Requirement ::
Could you output exactly the lines running from the one containing "Blue swirls show" to the final line of the listing below, leaving out pictures?

Stored data ::

★ ★ ★ ★ ★ ★ ★

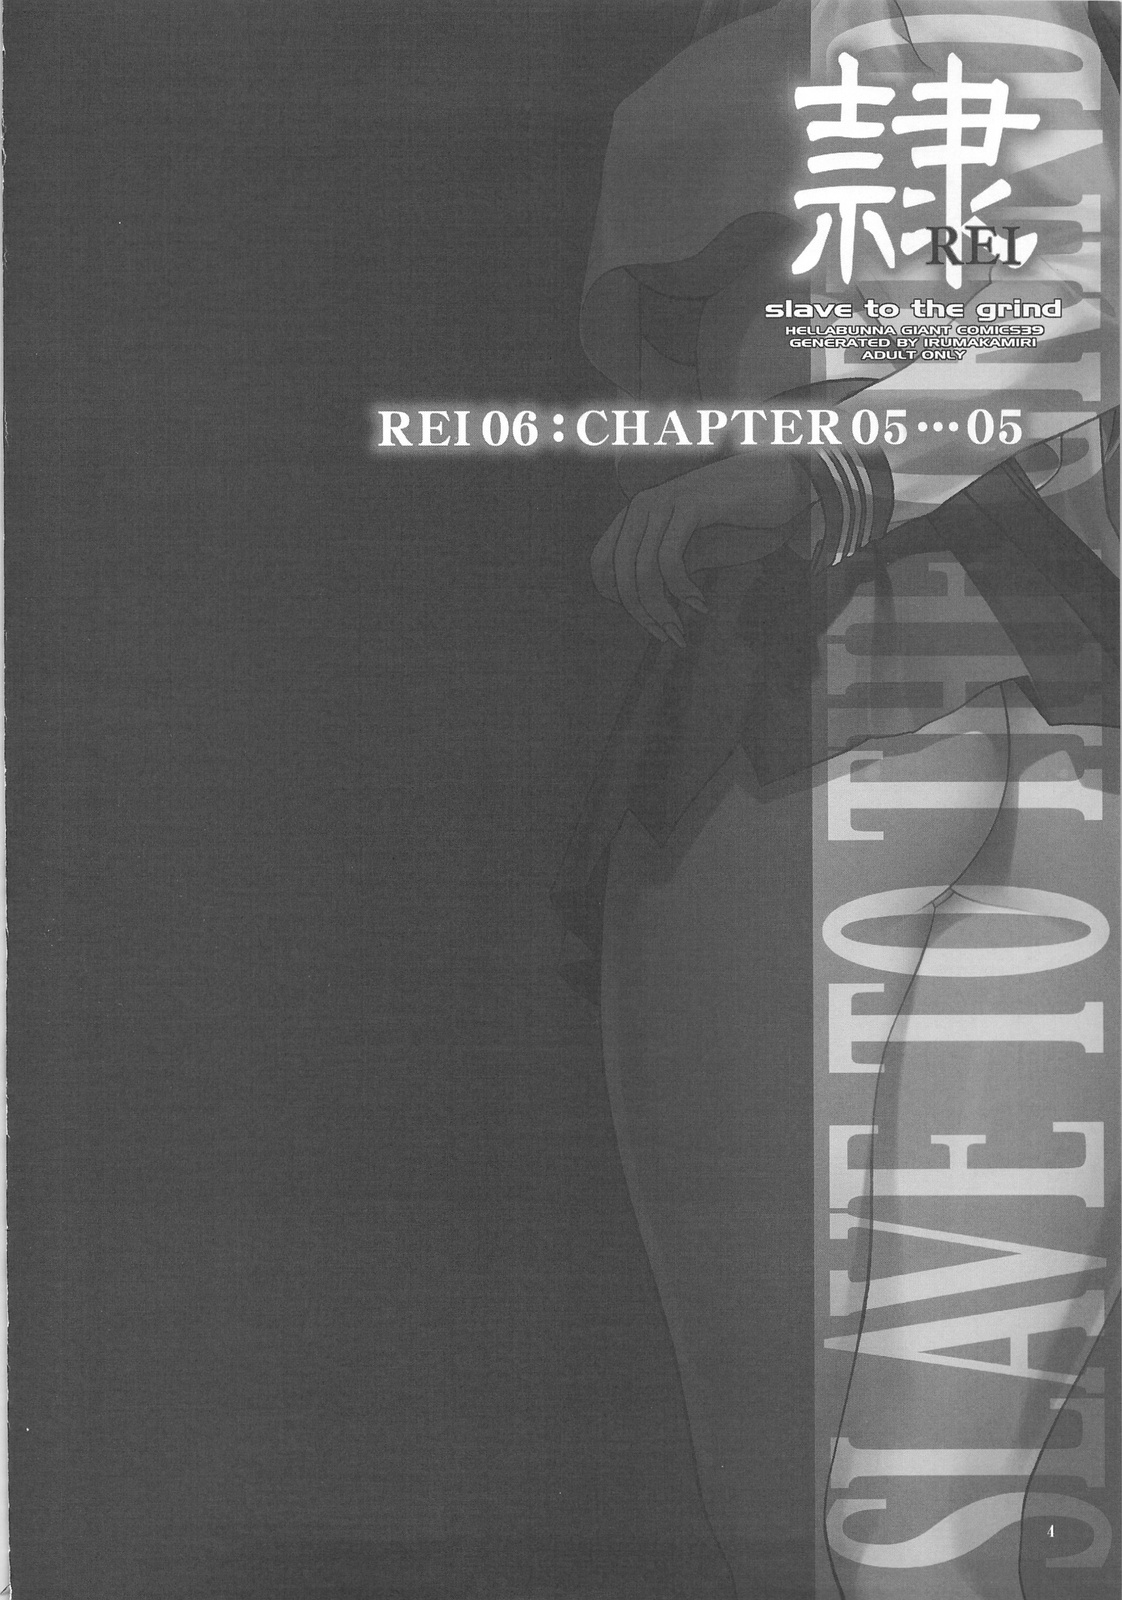 REI - slave to the grind - REI 06: CHAPTER 05 numero d'image 2
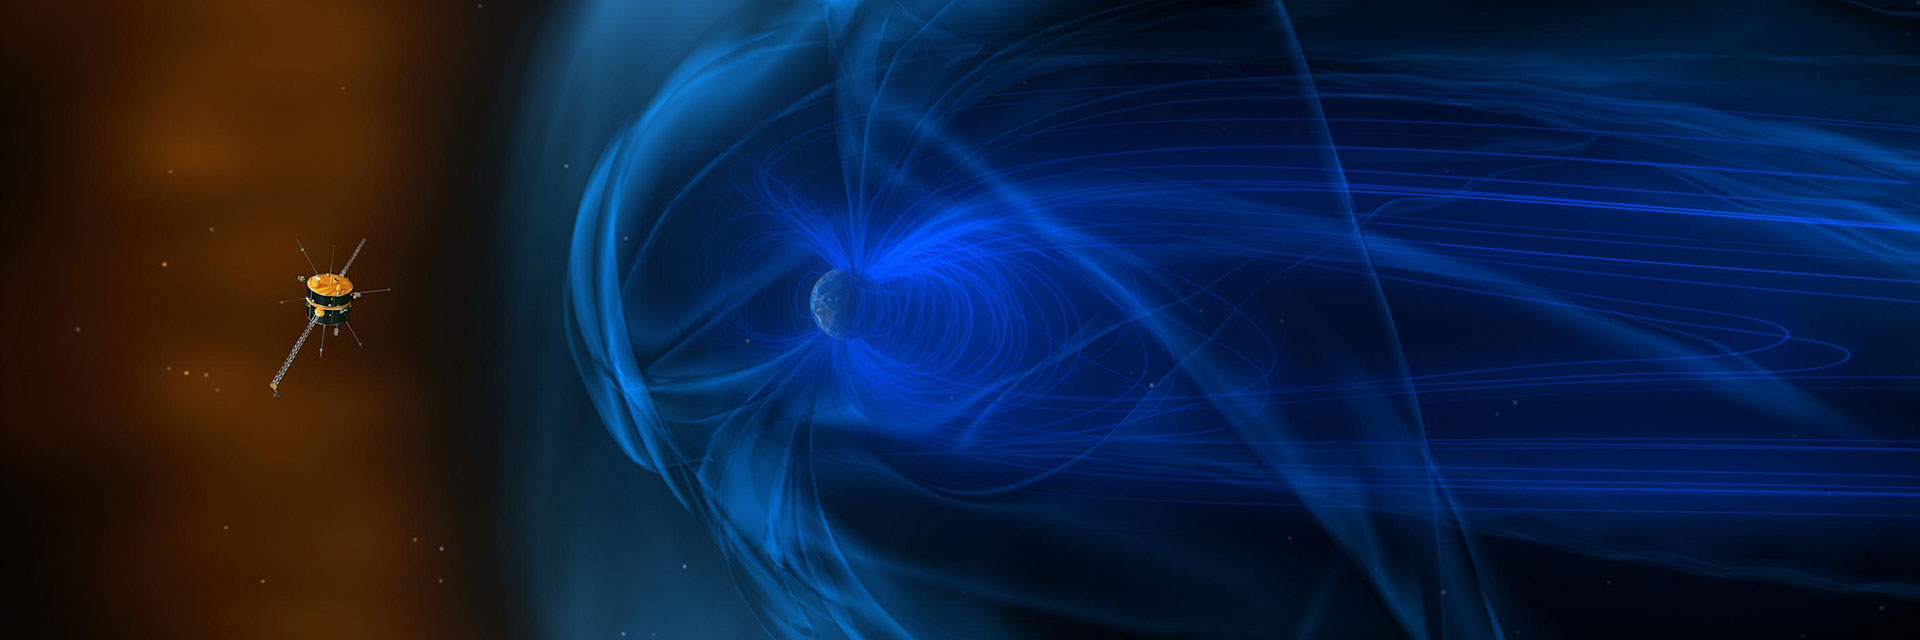 Blue swirls show Earths magnetic field with a spacecraft orbiting nearby in the orange flow of the Sun
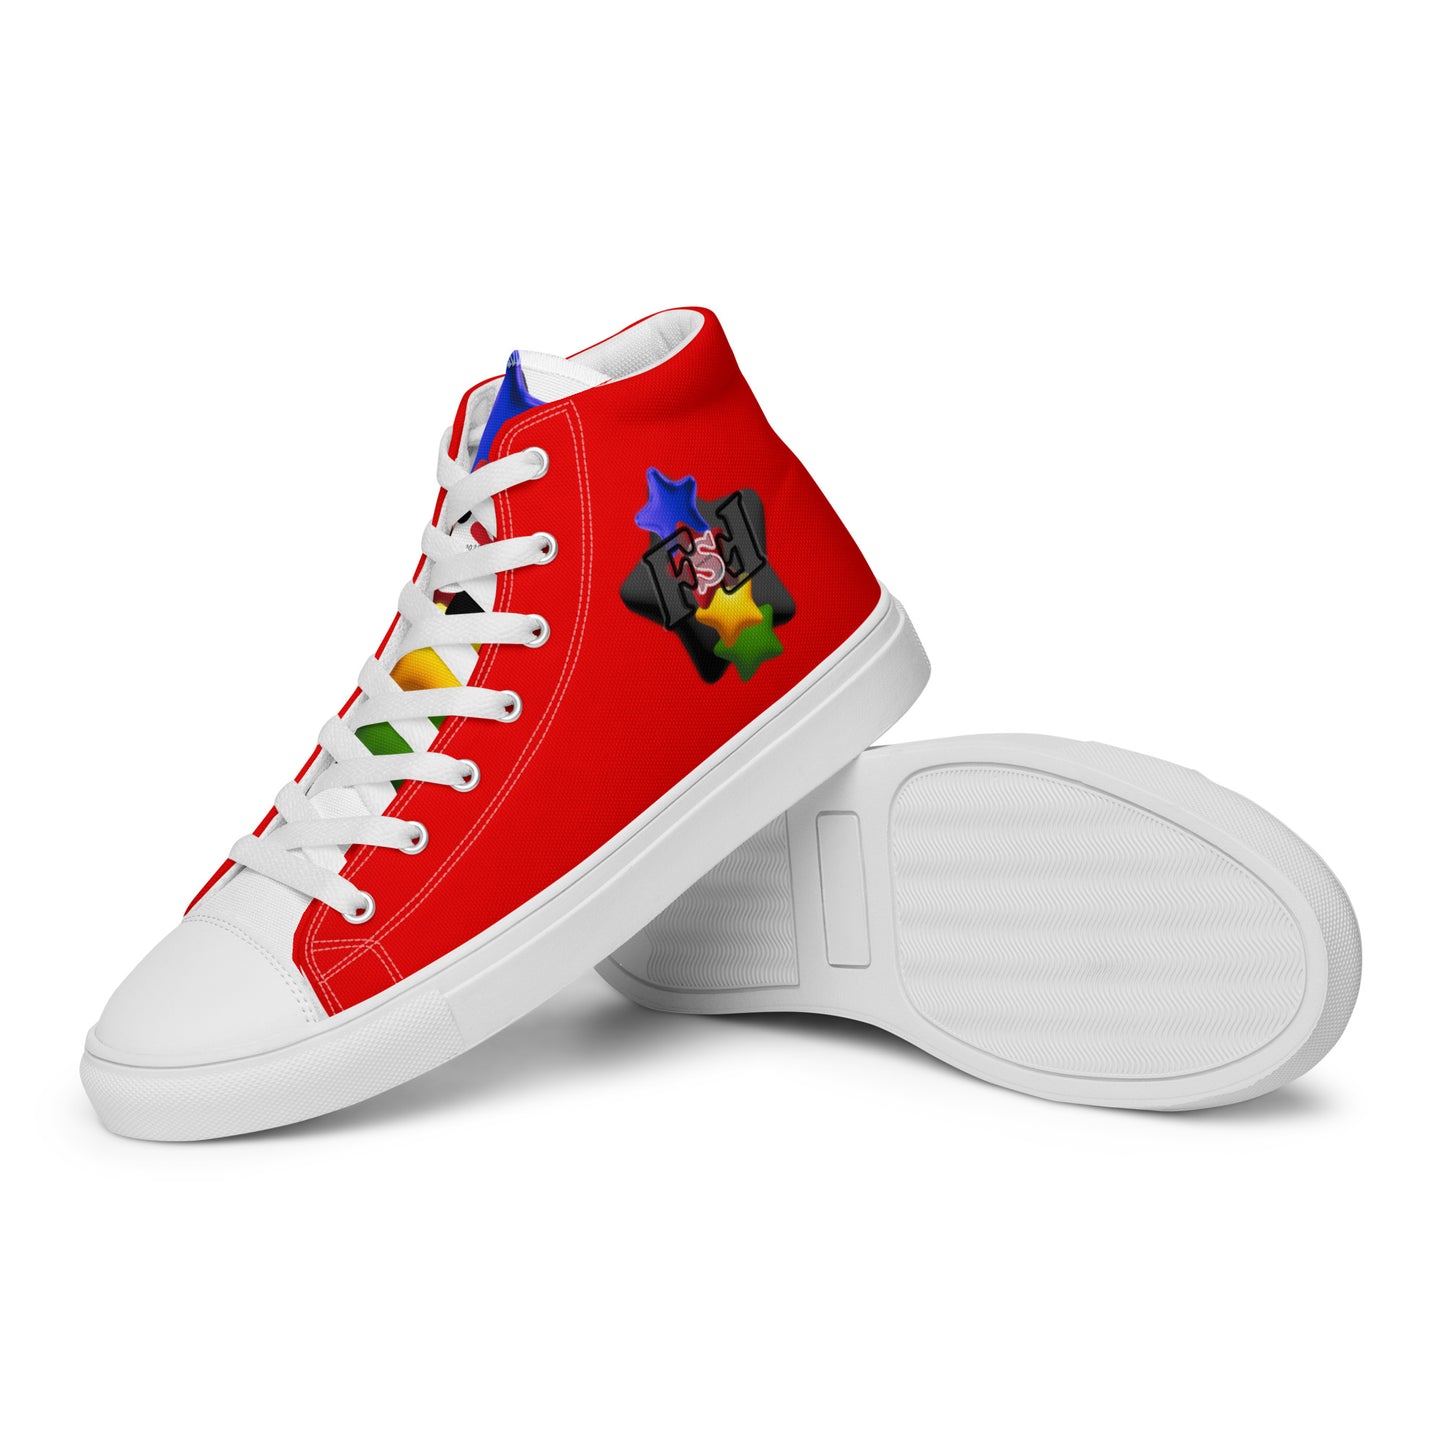 Women’s high top canvas shoes - FSF Stacked 'Black Star' Red

★ ★ ★ ★ ★ ★ ★

Answer for the task ::
 Blue swirls show Earths magnetic field with a spacecraft orbiting nearby in the orange flow of the Sun
 Women’s high top canvas shoes - FSF Stacked 'Black Star' Red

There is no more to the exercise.